「リアルタイム」で「他者と共に」考える
ファシリテーションとは、会議の司会進行や顧客へのヒアリングなど、他者と話し合いながら共に考えを深めたり、相手の思考を促す営みです。Solvent for 問題解決で見たように、仕事を問題解決とみなせば、ファシリテーションもある種の問題解決を促進しているといえます。
ただし、独りで紙や画面に向かって考えるのとは大きく違う点があります。それは場や相手がいるということ。会話はリアルタイムで進行しますから、相手の話を理解したうえで、次に何を聞くかを考えて質問し、結果として場が満足するような問題解決のストーリーを一緒に作り上げる必要があります。この「リアルタイム性」と「他者思考の理解」、そして「場への共有」がファシリテーションの難所です。
4マス原則による論点整理
図1は、わたしたちが顧客ヒアリングを行ったときのホワイトボードイメージを(一部編集して)再現したものです。新任の支店長が現場の責任者としてやっていけるように支援したいというテーマでした。
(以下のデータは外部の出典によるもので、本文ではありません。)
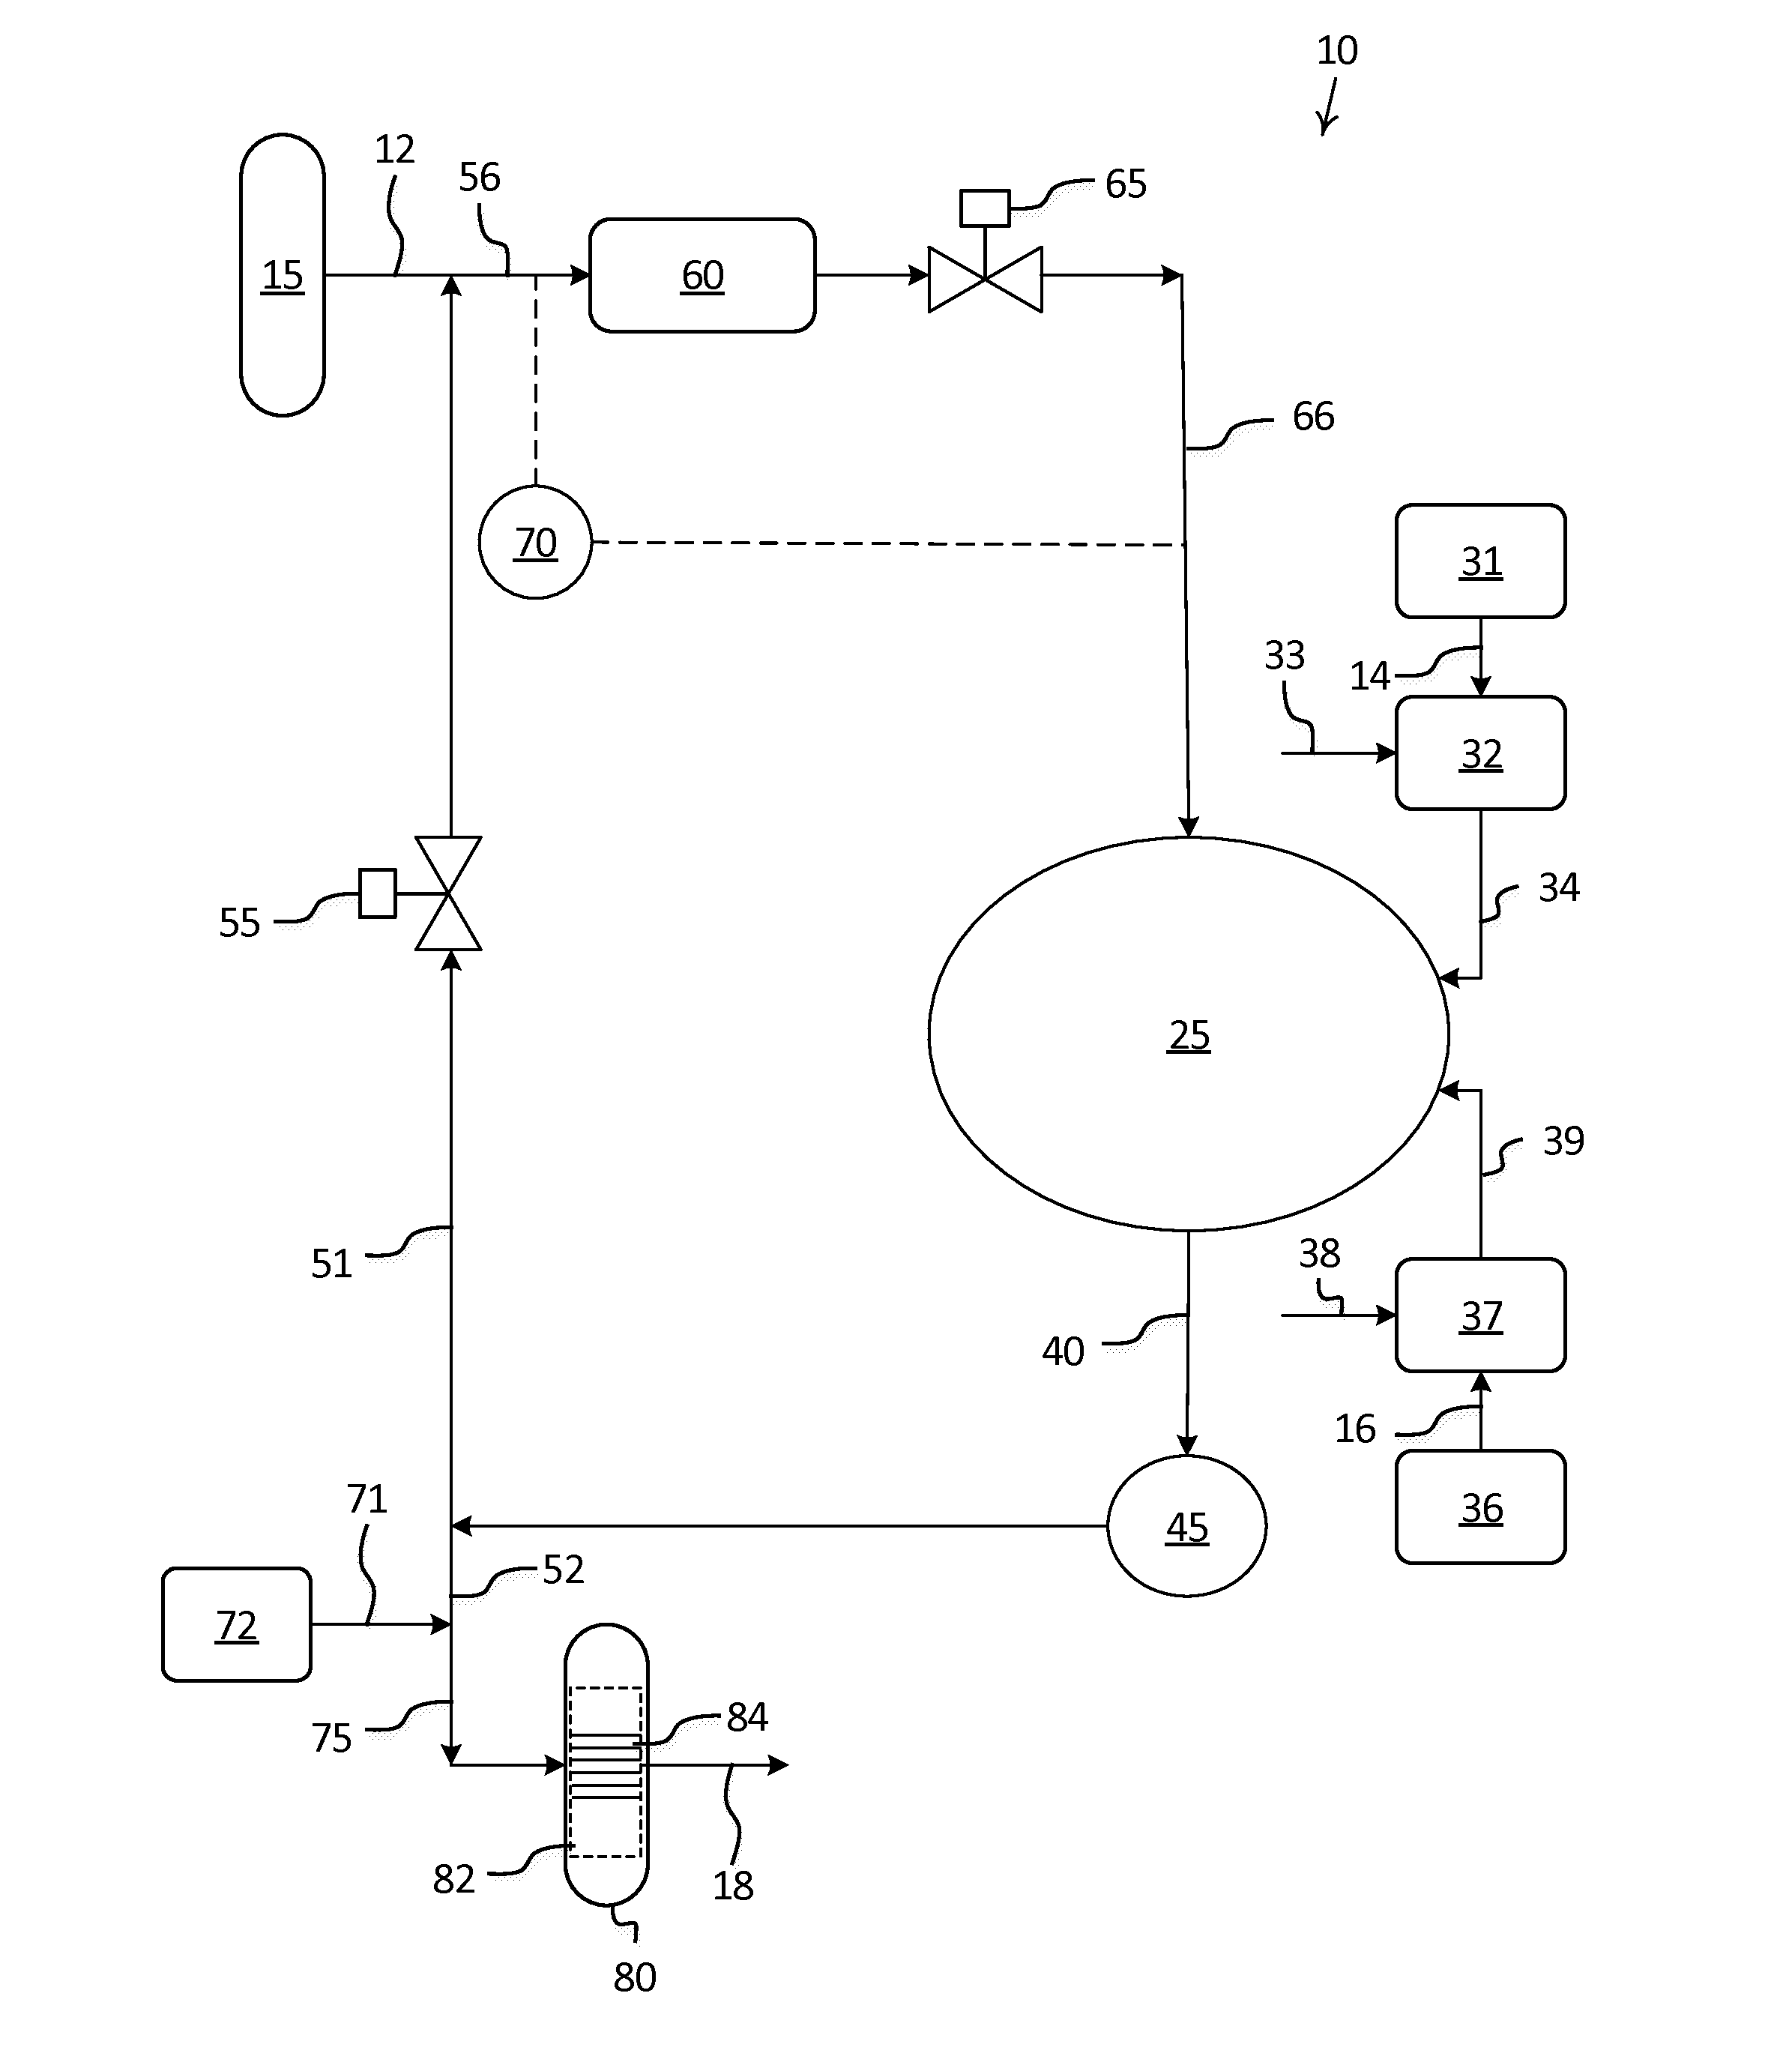 Methods and apparatuses for co-processing pyrolysis oil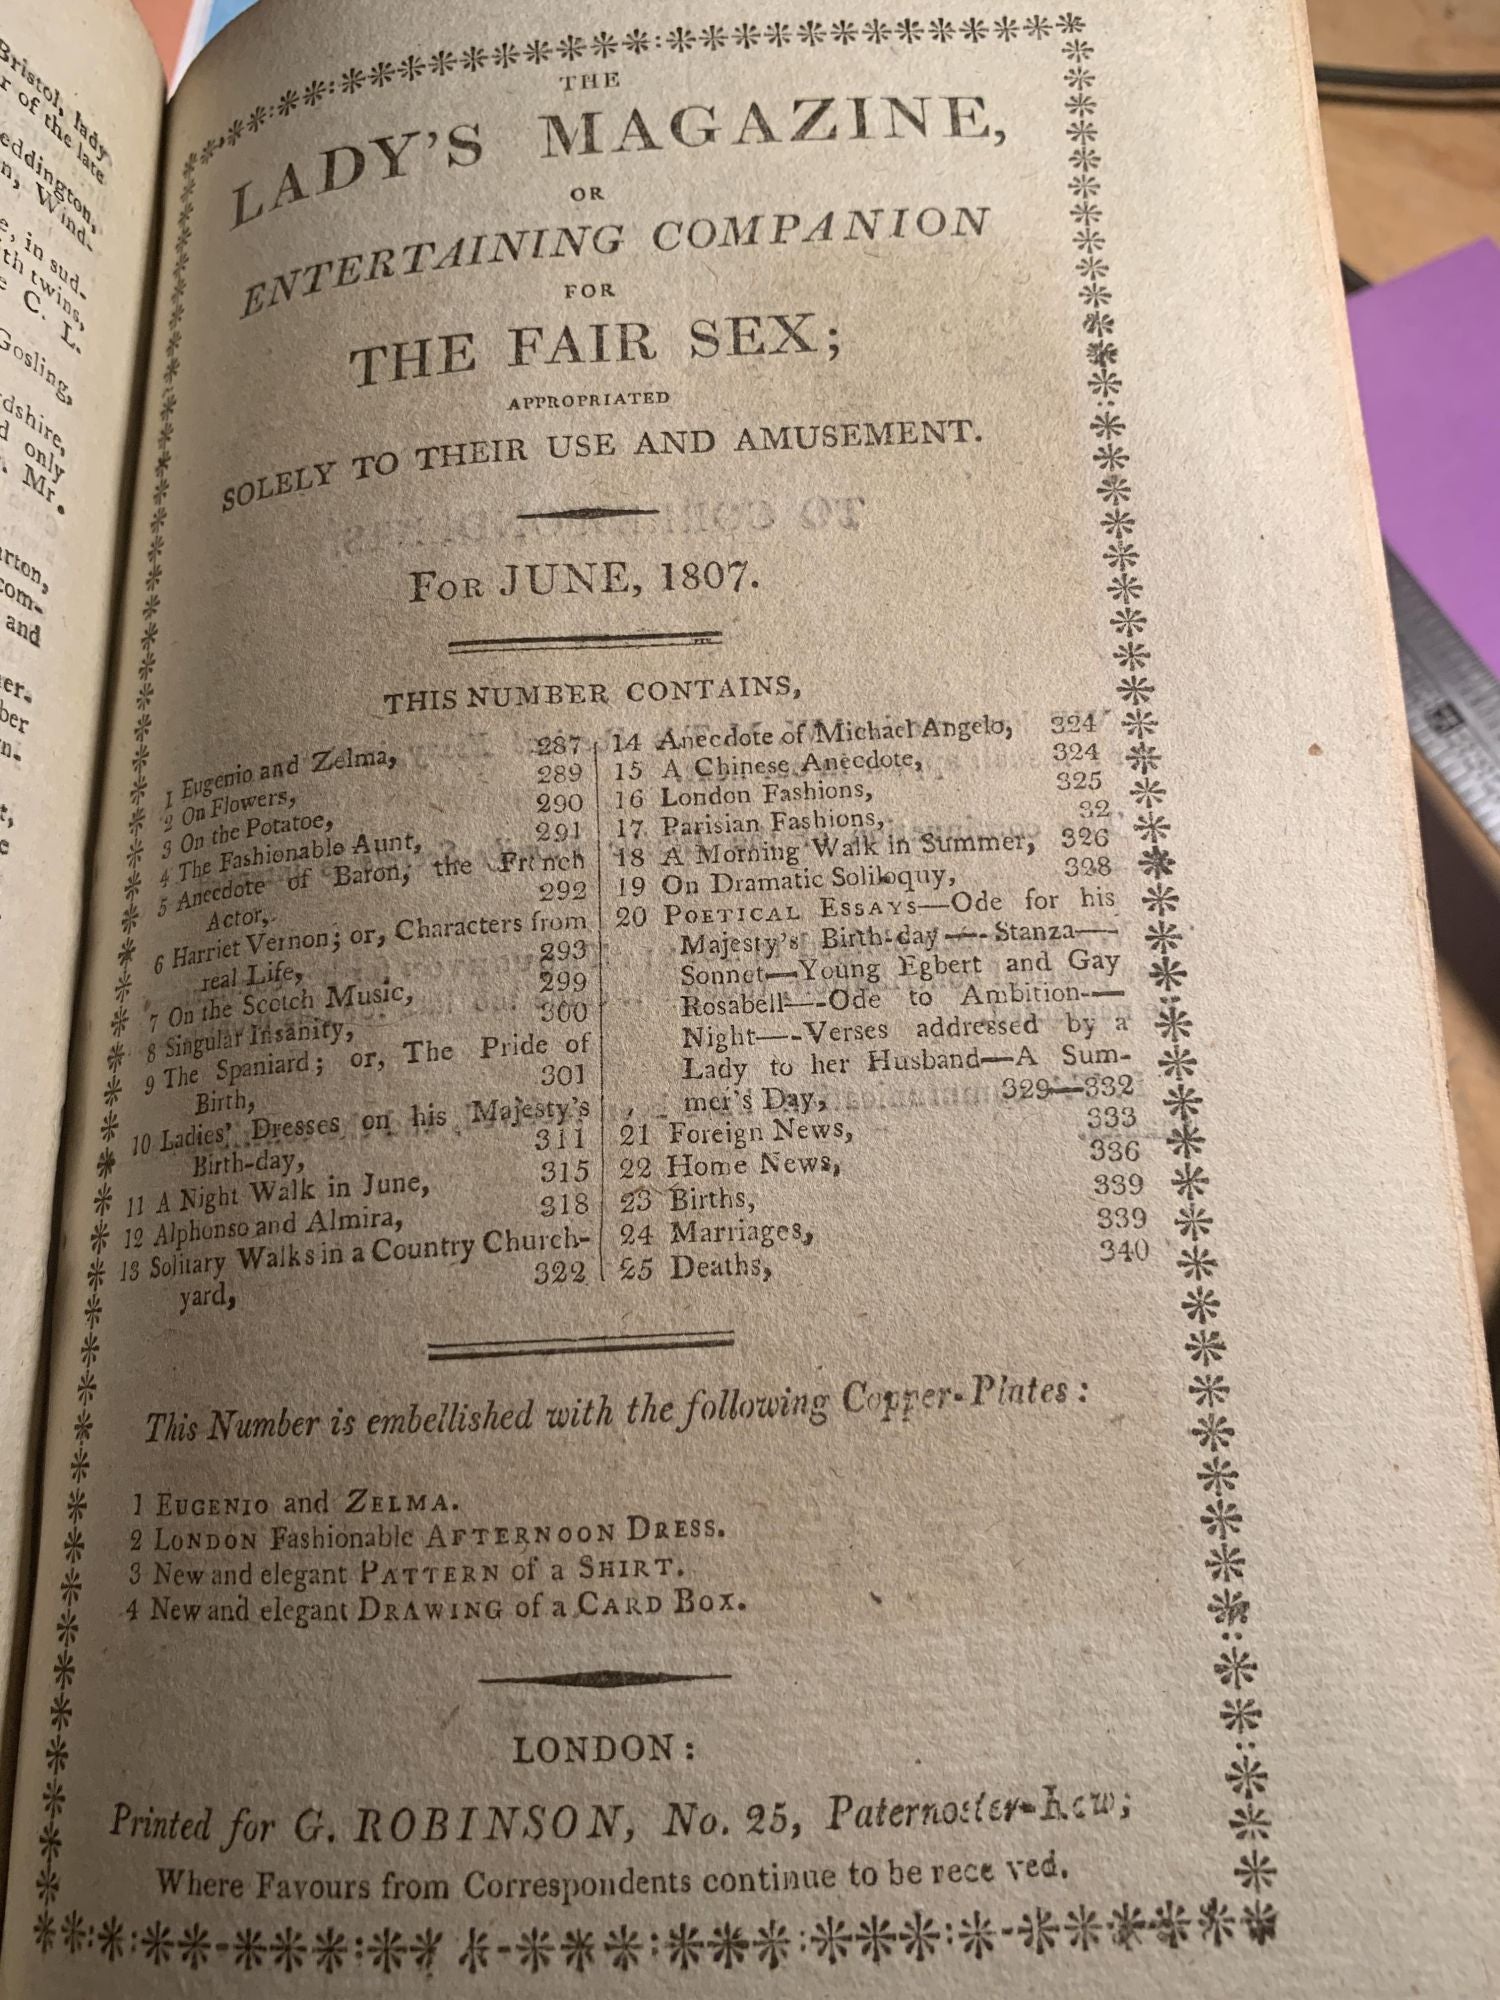 Various - The Lady's Magazine or Entertaining Companion for the Fair Sex, Appropriated Solely to Their Use and Amusement: Vol. XXXVIII for the Year 1807

お客様には自由に話していただきます。こちらは4マスを念頭に置いて話を聞き、該当する(仮想の)マスにメモを取っていきます。埋まらないマスがあれば質問をします。マスが埋まってきたらストーリーをチェックし、不明瞭な点があればやはり質問をして補っていきます。
図の端に書いたような「未来×結果」といった論点は書きませんが、4マスの構成はシンプルでストーリーを容易に把握できます。あるとき、お客様から「相談している件とは別に、そのまとめ方を皆に教えてやってくれ」というリクエストをいただいたことが、こうして一つの方法論としてリリースするきっかけになりました。